Dan Norcini | Jul 06, 2016 06:02AM ET
Safe haven gold continues its strong showing as plummeting interest rates and shaky global equity markets are creating a strong bid in this market. Gold pushed up toward last week’s high and in the process pushed through yet another overhead resistance level in the $1345-$1350 area.
Based on what I can see from this chart, there appears to be little resistance in its path until closer to the $1385 level. Above that lies the psychologically significant $1400.
The real kicker yesterday, however, was the massive surge in reported SPDR Gold Shares ETF (NYSE:GLD) holdings. A whopping 28.8 tons of gold were reportedly added to GLD. I have not gone back to check my database but I suspect this might be very close to a record one day total or if not, a new record in itself. Gold holdings are now at 982.7 tons, the highest level since June 2013.
This is absolutely phenomenal demand. In my view, this is all traceable to the collapse in interest rates. The yield curve is growing flatter and has broken to yet another new low.

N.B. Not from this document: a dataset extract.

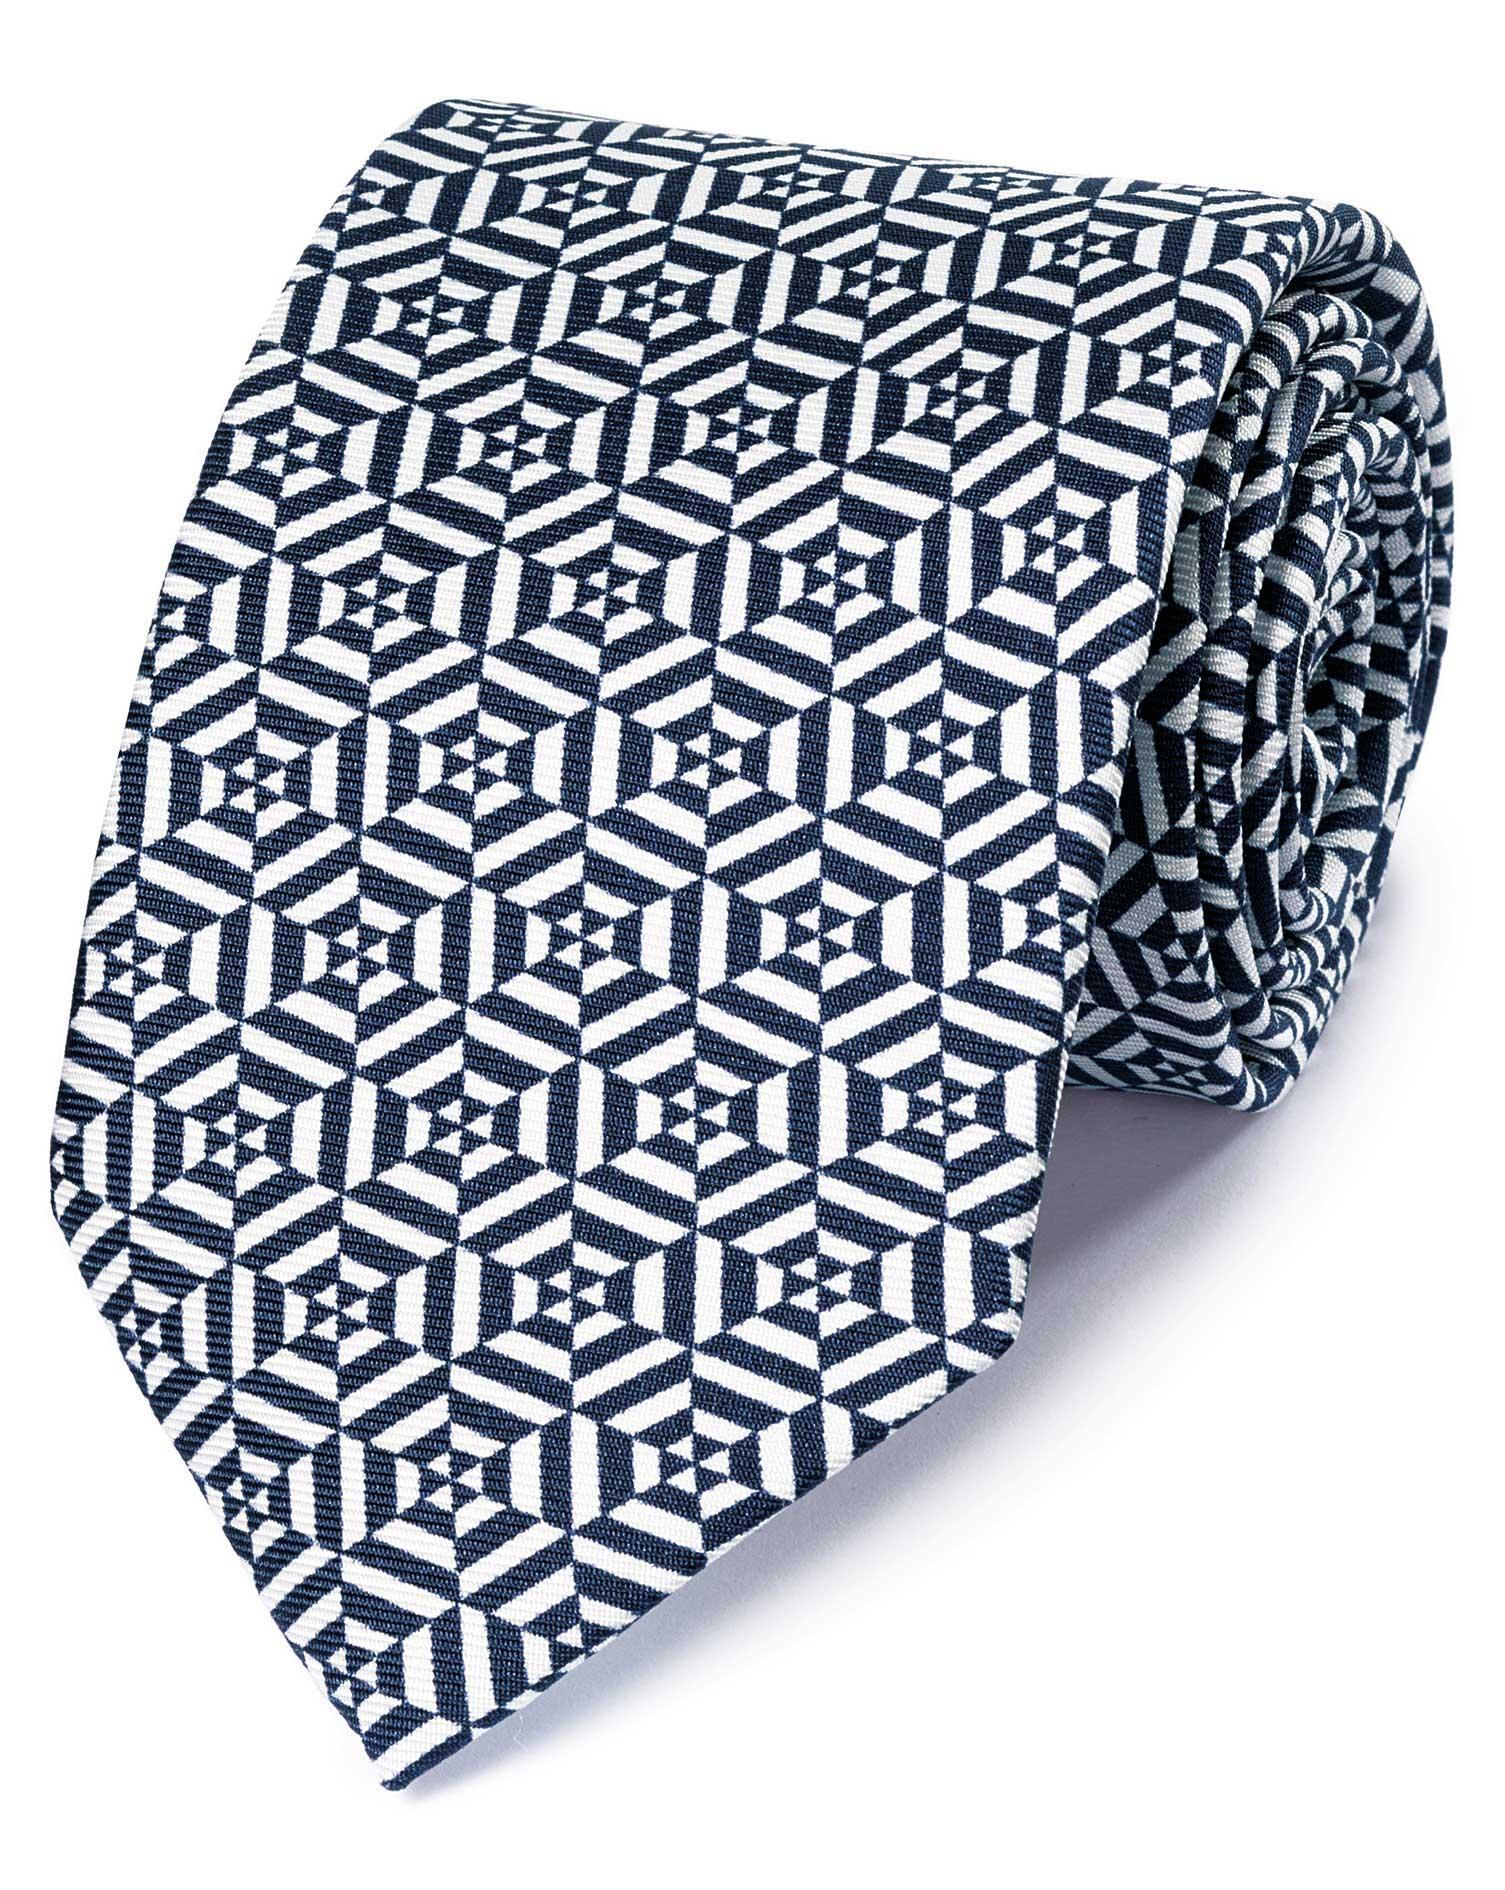 cravate de luxe bleu marine et blanche en soie anglaise motif g om trique charles tyrwhitt. Black Bedroom Furniture Sets. Home Design Ideas

Simply put: there is no opportunity cost in owning gold at this time nor is there any particular reason to be aggressively selling the metal. This is in spite of the record-high fund long exposure.
These numbers are already outdated as it has been a full week now since the COT data graphed above was reported. There is no doubt in my mind that the hedge funds have piled on even more longs. And why should they not, given the environment?